When Diona Mininall first became involved with the Nicetown Community Development Corp., she had fallen on some hard times herself, and through organization’s Affordable Housing program, Mininall was able to buy her own home.
Then, last July, Mininall found herself without a job when the Temple University Health System shut down its Northeastern Hospital. She found an opportunity again within the development corporation, and today, Mininall serves as the community coordinator.
In her current position, Mininall helps point two to three people a day – mostly women and their children, she said – to local homeless shelters. At the NTCDC, Mininall directs those in need to the Emergency Intake Services building at 1430 Cherry St., where they “check all local shelters,” she said, to find one available.
“By 10 a.m.,” she said, “they don’t even usually accept anymore people.”
Bonnie Best, a practical nurse who has lived in the area all her life, takes care of people for a living: She’s worked in a nursing home for the last seven years.

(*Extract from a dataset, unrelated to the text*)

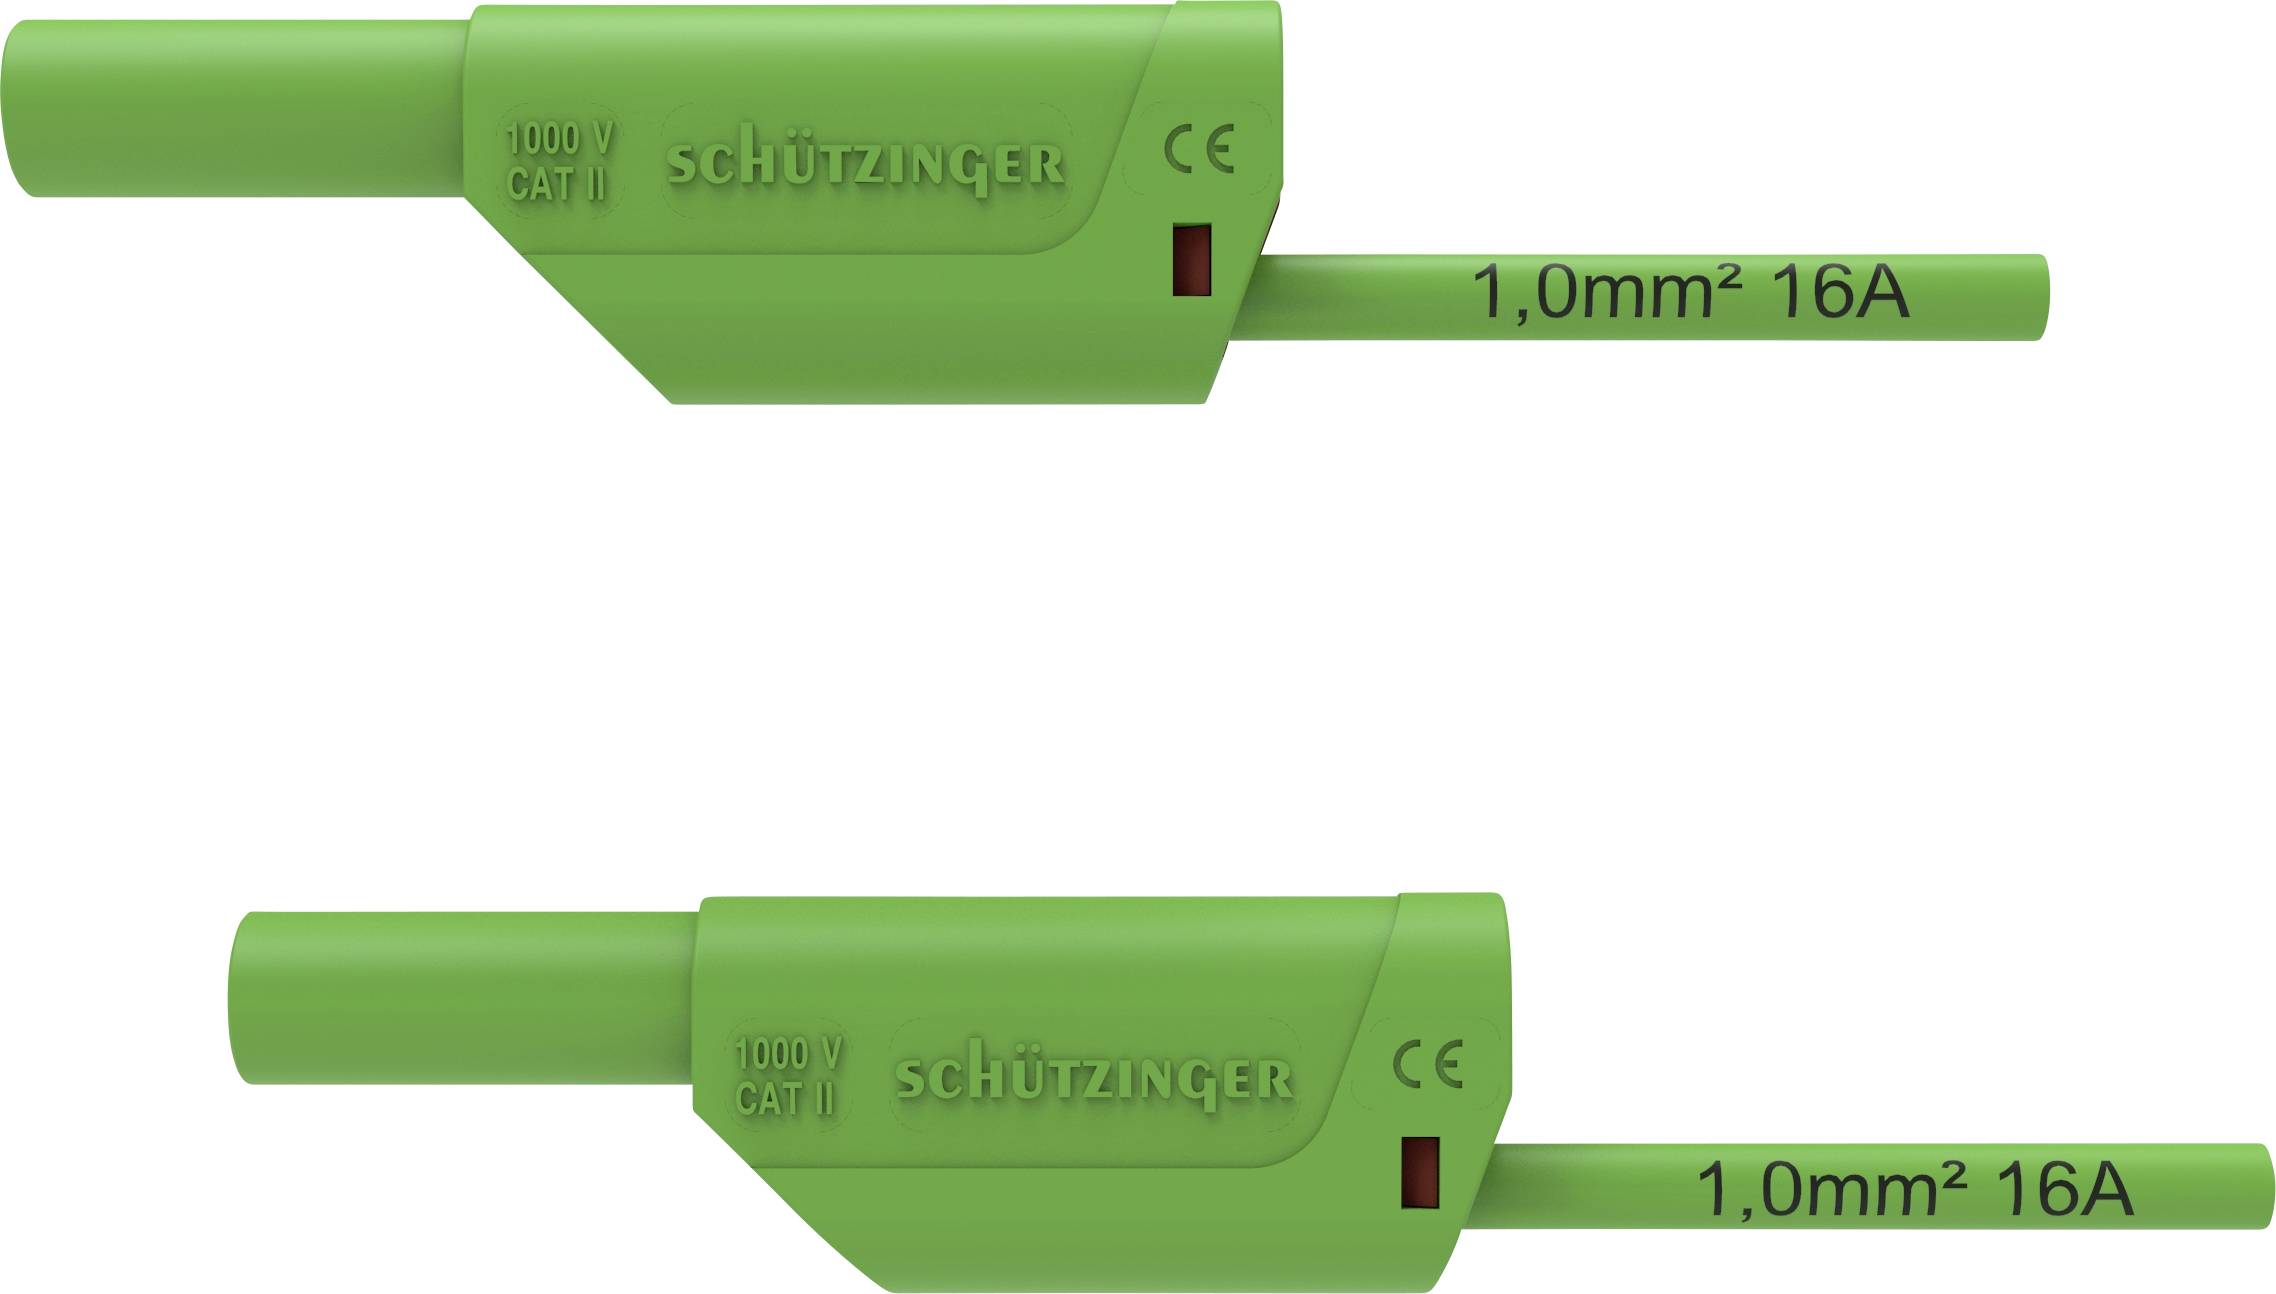 SCHÜTZINGER VSFK 8500 / 1 / 100 / GN Sicherheits-Messleitung [4 mm-Stecker - 4 mm-Stecker] 100.

Best said she can’t but feel bad for the area’s homeless population.
“[You] get up in the morning, and they are sleeping on your porch, but you don’t wanna kick them out,” she said. “I feel bad.
“We need to help them, not turn a blind eye,” she added.
Best said she would like to see the abandoned buildings in the area be a part of the solution.
“My goal in life is to buy two old houses, fix them up and move all the homeless people and mentally challenged people into them,” she said. “That’s my goal, help the people.”
Results from the 2000 U.S. Census show that 3,329 – more than 10 percent – of the region’s 22,188 houses are vacant; 61.8 percent of those homes are categorized as “other vacant.” The rest of the vacant homes are for rent, for sale only, rented or sold but not occupied, for migratory workers, or for seasonal, recreational or occasional use.
“They gut the houses, and then you never see them again. It’s horrible,” Best said. “The homeless people sleep in them – rats, cats who have flees. The mayor needs to do something about them, fast.”
For those homeless persons who are able to find help inside local shelters, they must make the most of the opportunity, said Brandon Banks, the weekend supervisor at Kailo Haven.
“If you can’t get through the process in about six months or so, you have to go back to square one,” Banks said. Kailo Haven is an all-male facility that helps its residents cope with addiction recovery and behavioral health, in addition to homelessness.
With a little less than a month of experience as a supervisor under his belt, he’s the newest one at the shelter, but Banks has been at the facility for a little more than two years.
The reason for his original involvement with the shelter was “as simple as being curious,” he said.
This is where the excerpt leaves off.